The games' planets include different climates and terrains, and are home to many different races and tribes of aliens. There are geographical differences from game to game, but distinctive locations recur, such as Big Blue, Mute City and Port Town. Circuits are usually set on the outskirts of cities or above them situated high in planet atmospheres at an elevation as much as 300 ft above ground. They contain anti-gravitational guide beams on both sides of the course that keep them in place. Rich merchants from cities in the clouds or asteroids with almost uninhabitable environments invested their wealth in the construction of racing circuits. Some cities have multiple circuits—circuits not used for the Grand Prix are open to pilots for practice. The dynamic structure of the courses are colossal in scale, as most circuits feature a single lap that spans over six miles (10 km).

The vehicles used to race in these video games are known as "F-Zero machines", which are designed to hover instead of travel on wheels. An anti-gravity unit, known as the "G-Diffuser System" (first used by the Star Fox franchise's Arwing), allows an F-Zero machine to drive at high speeds while retaining a hold of the track, located from a few inches to a foot below it.
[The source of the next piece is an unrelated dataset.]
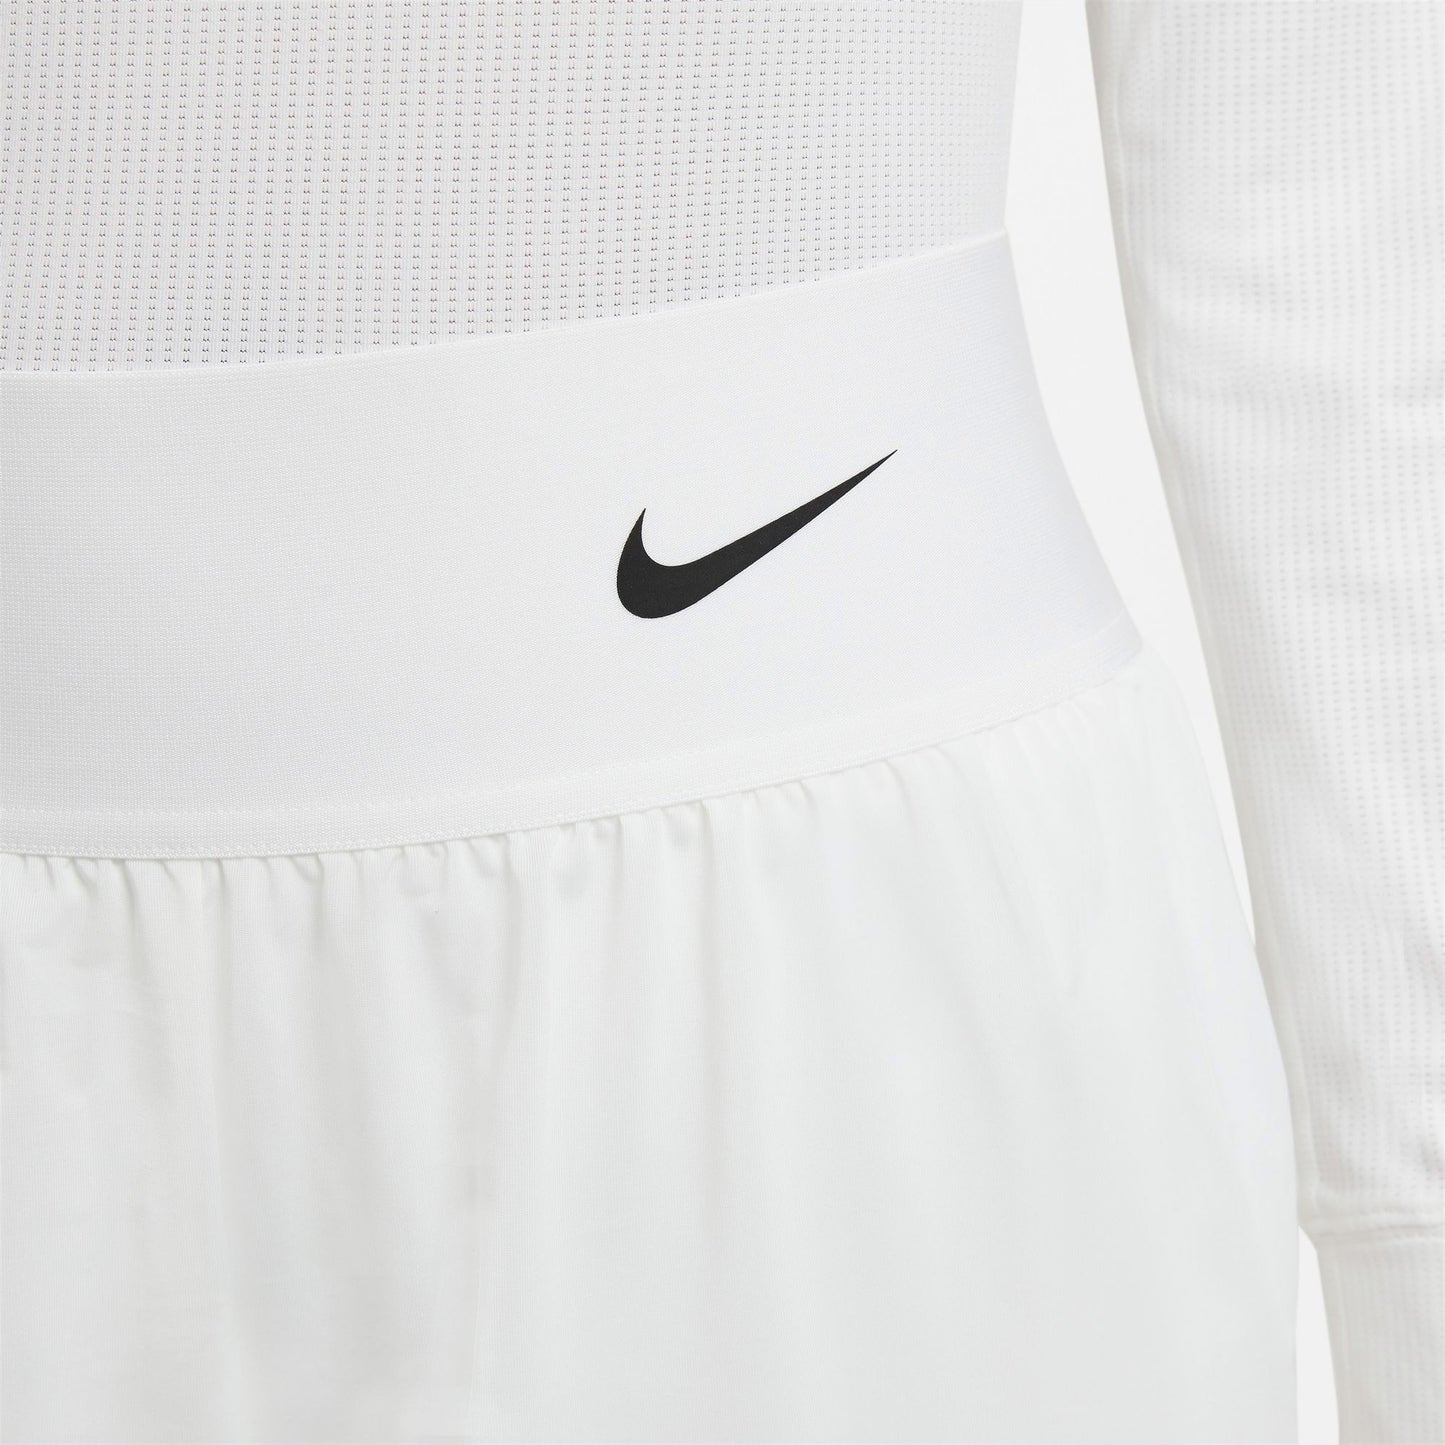 Nike Dri-FIT Advantage Women's Tennis Shorts White (4)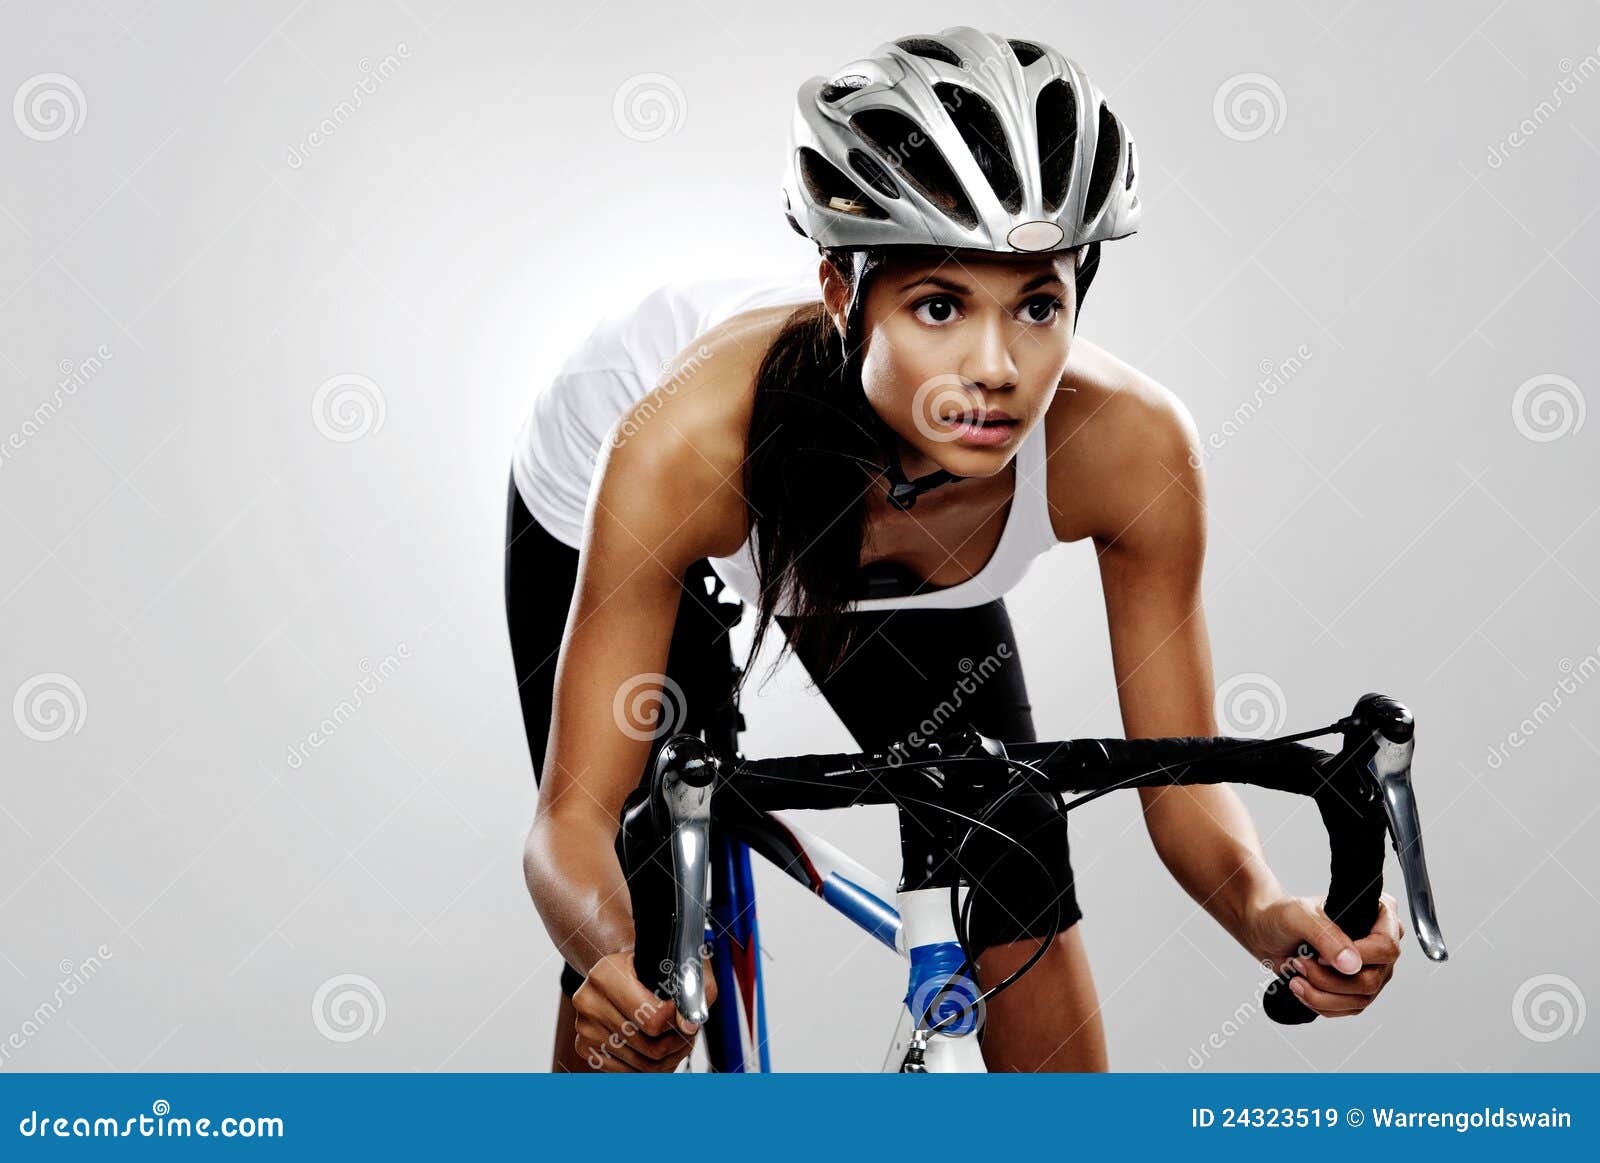 ladies bike race

However, the slip zones, also referred to as the "magnetic field block coat" in the first F-Zero game, blocks the vehicle from retaining a hold on the track. The racing machines developed for these tracks used the latest in this magnetic technology, and are able to perform tune-ups. Out of the over forty-four known machines, only five do not weigh over a short ton. F-Zero machines have a maximum speed exceeding that of sound. This is possible due to the ultra-compact micro-plasma engines used by the machines.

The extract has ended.